By Richard Mather
Making his advances in tall steps,
Davie marks Suzie standing small
at the kitchen sink.
She drops something, holds still her breath.
‘No-one’s gonna listen to you, Suzie,
and that’s a fact’.
The ugly brown voice of a drunk
scrapping for a fight.
From him bad odours rise, smells
of fish and river foam, tobacco and beer.
He picks up a carver, puts it down.
‘So don’t even think about it’.
It is evening, it is hot, and a dead carp’s eye
looks up at Suzie from the dish drainer.
An attack is imminent.
Davie patrols the kitchen, his heart
a drum beating a tattoo.
From his hands an anniversary gift
of bella perle plates goes to the wall.
Underfoot a confetti of glass,
the untold fragments of a broken marriage.

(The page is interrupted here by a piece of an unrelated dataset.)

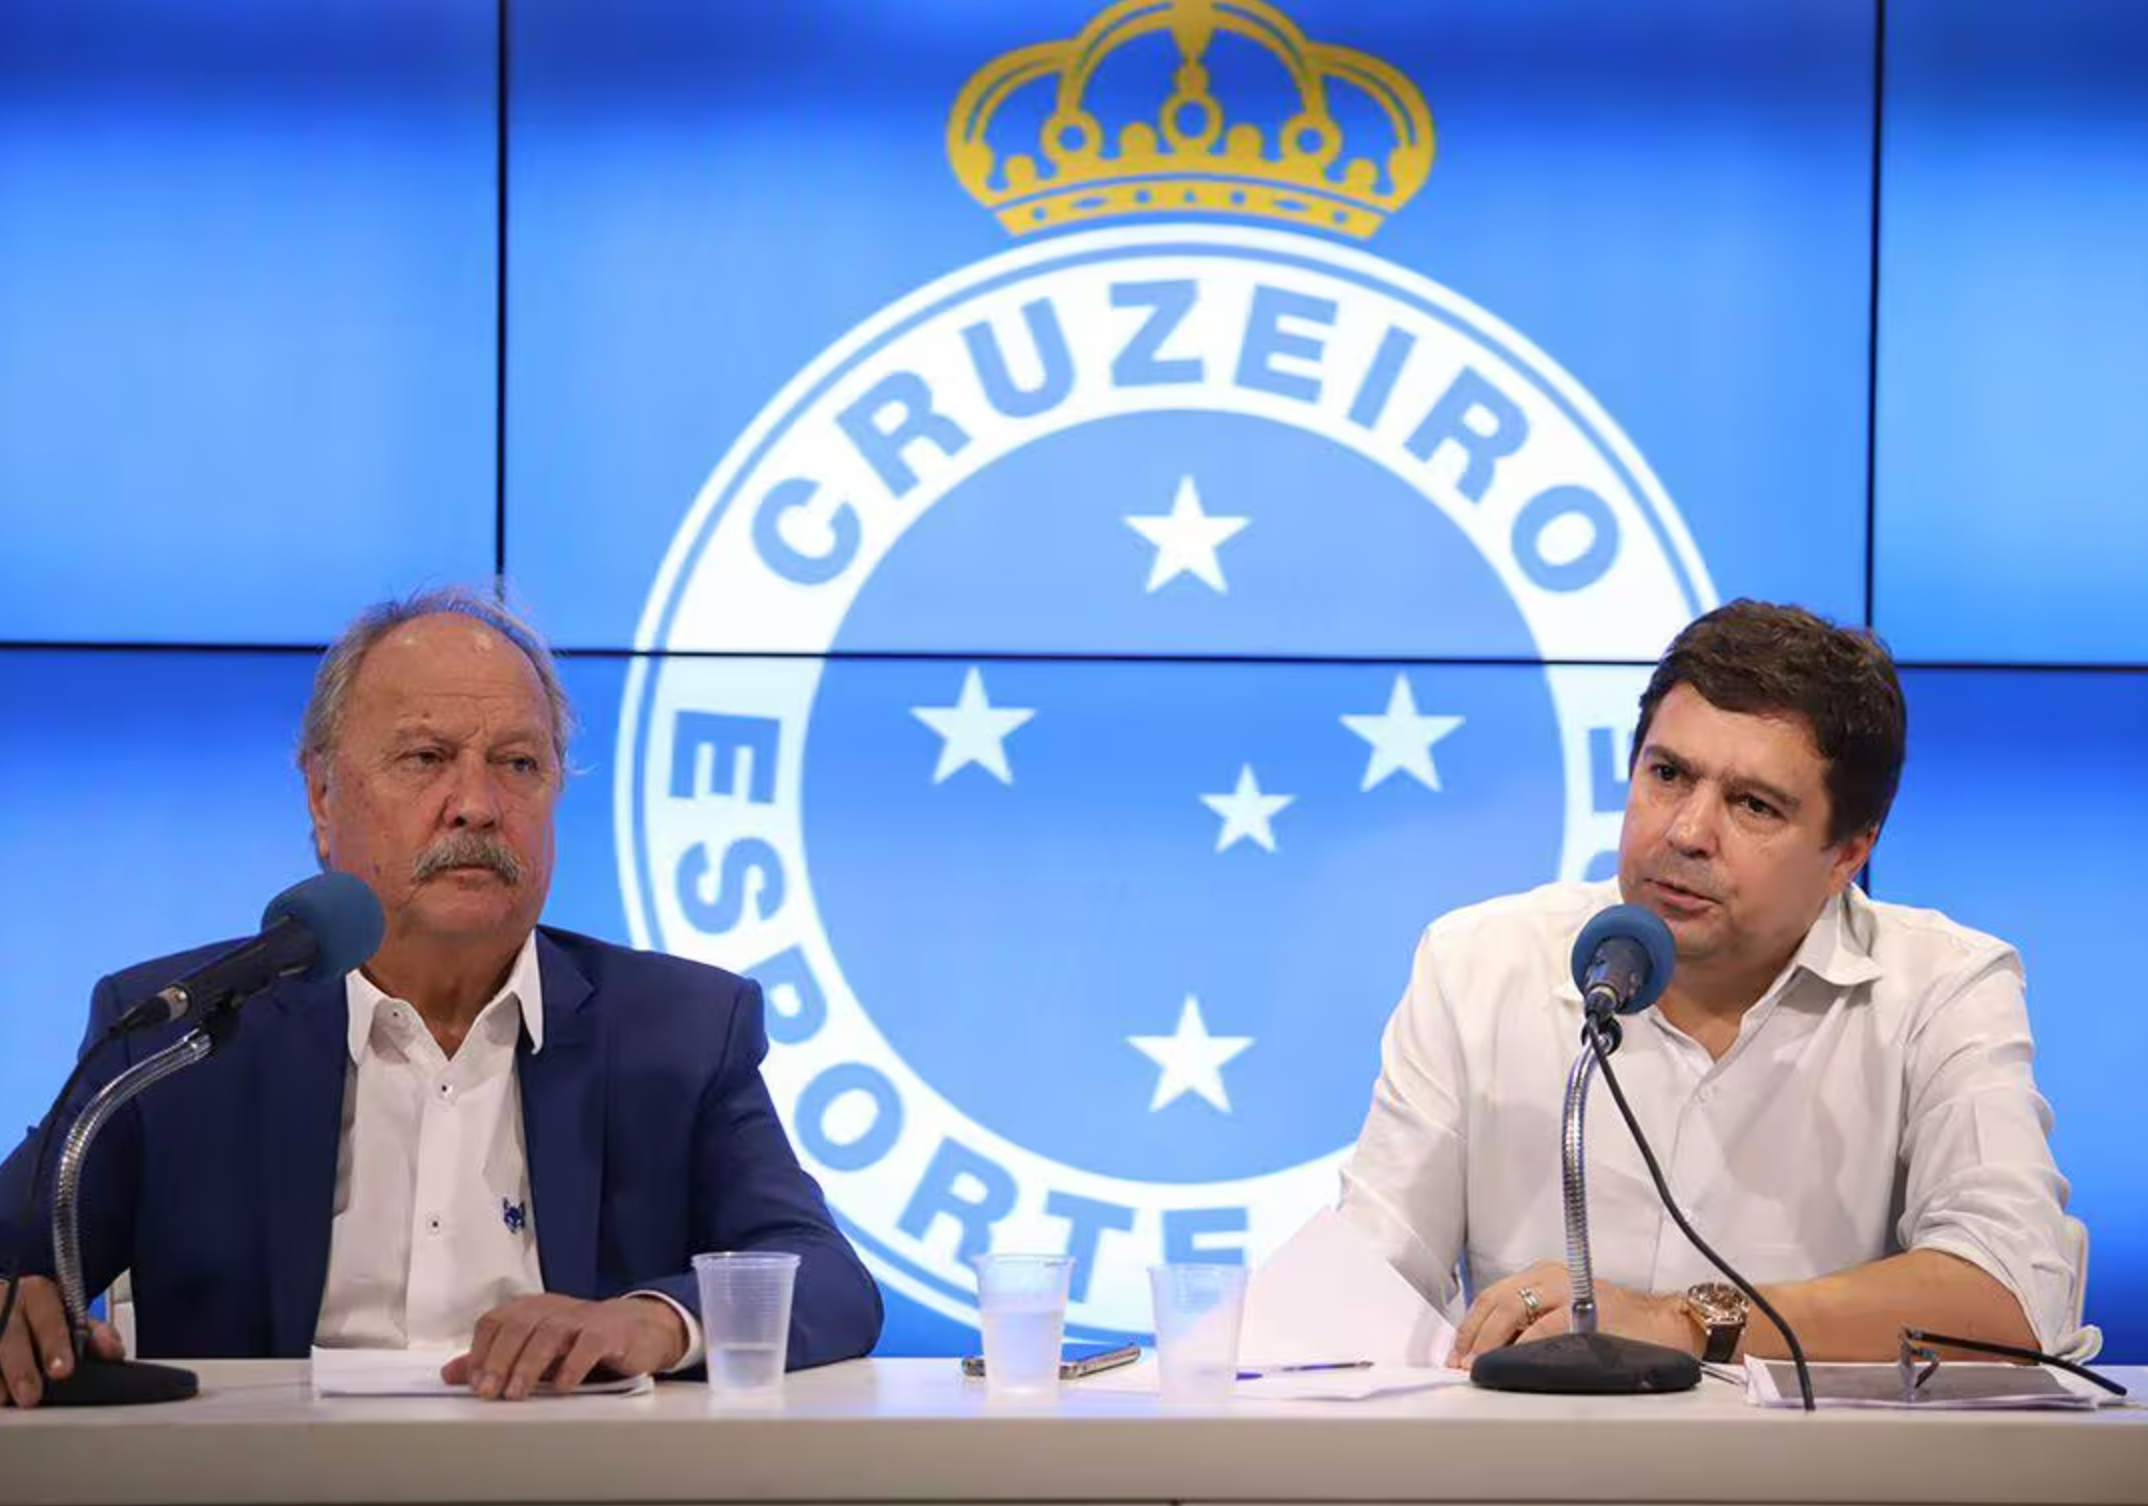 Wagner Pires de Sá e Itair Machado, ex-dirigentes do Cruzeiro Esporte Clube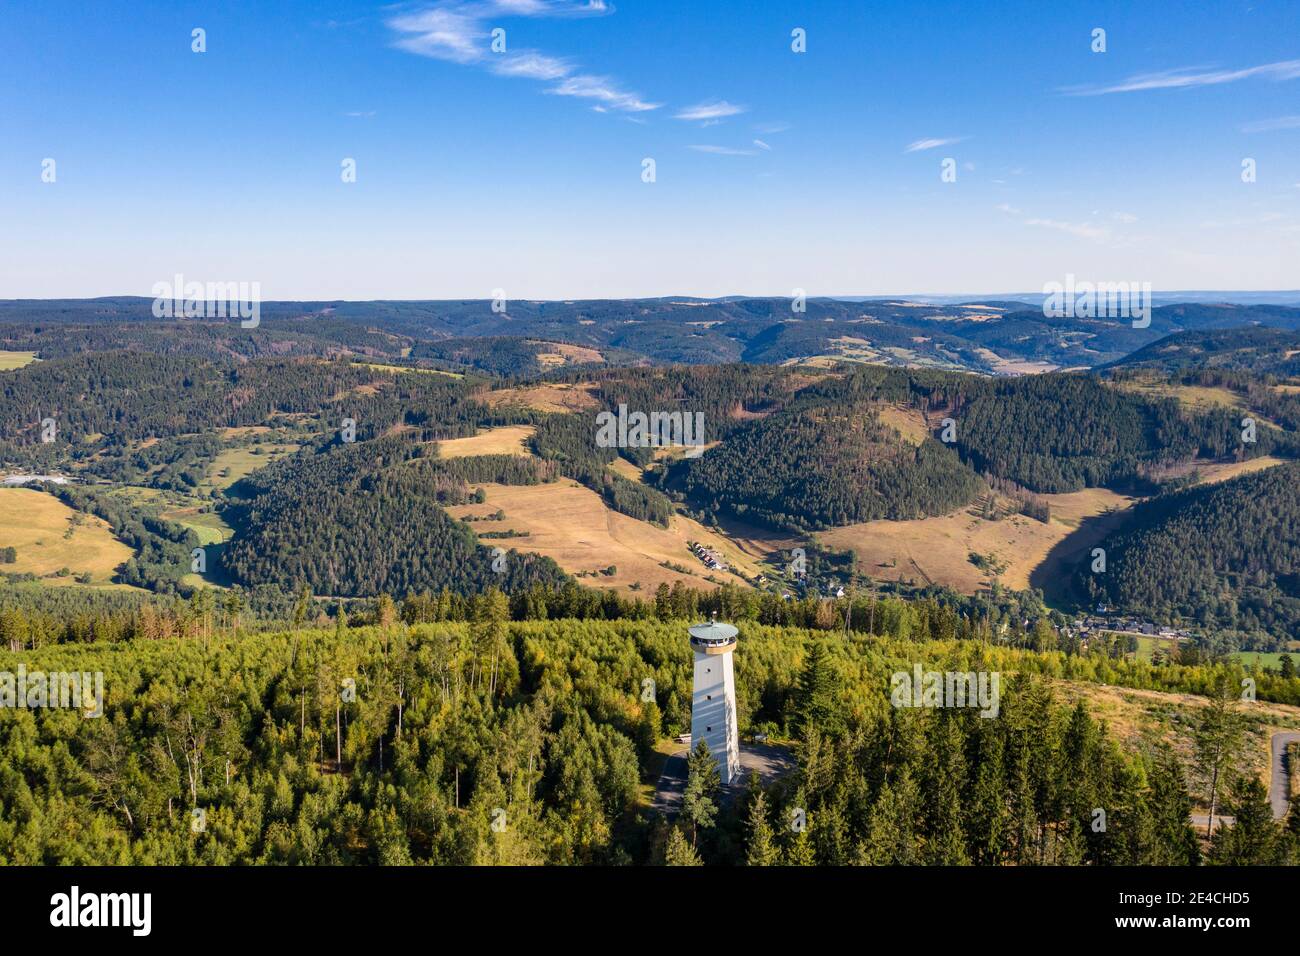 Alemania, Baviera, Lauenstein, Thüringer Warte, torre de observación, vista de la antigua RDA, montañas, bosque, vista aérea Foto de stock

‘God damn you, Davie. Get out’.
Suzie’s on her knees, again.
Her patience is stretched thin,
like skin over a hollow frame.
Davie marches over, his steel toe cap
colliding with Suzie’s most tender spot:
yesterday’s bruise.
A deadly quiet occupies the space
vacated by comprehension.
Nothing he says can change anything now.
Davie skulks, his insides
glowing dark; black lava, hot
and inviscid, breaks the crust and surges.
House lights flicker and dusk
marks the end of twilight.
II
They came with sirens, these strangers
with their notebooks and equipment.
Intermittent chatter, concerned eyes.
Radio static crackles like fat in the oven.
Suzie’s tearful mother is talking.
Who is the injured party here?
Am I alive? Is he alive? Now look,
when I move my hands the air moves
and cools under the fanning air.
Suzie? You are Suzie, aren’t you?
I confess, I’m Suzie Wilde, woman, wife
and daughter, twenty-nine years old.
III
A knife came to me from the cutting board.
It entered my grasp as objects often do.
I held it like a key to a prison.
Its blade penetrated as deep as I dared.
Behind his back, the knife commits murder.
It fell from my hand onto the kitchen floor.
A wild man of blood, Davie is wild no more.
I sit a while. His hands and face I stroke.
I come to this room; the light doesn’t work.
The room is empty. I straighten the bed,
turn back the covers, and I do all this
with a feeling I cannot name. Not real,
I lie on my back, these red fingers
clasped over my stomach, coffin-like.
Hard I stare at the light that doesn’t work.
From the beam the bulb hangs limp, suspended.
I wonder if the time I’ve served on earth
is a prelude to life, a prelude to death.
And in the darkness of this, our house,
I dream I am dead already and Davie
is the one who is lying in my place.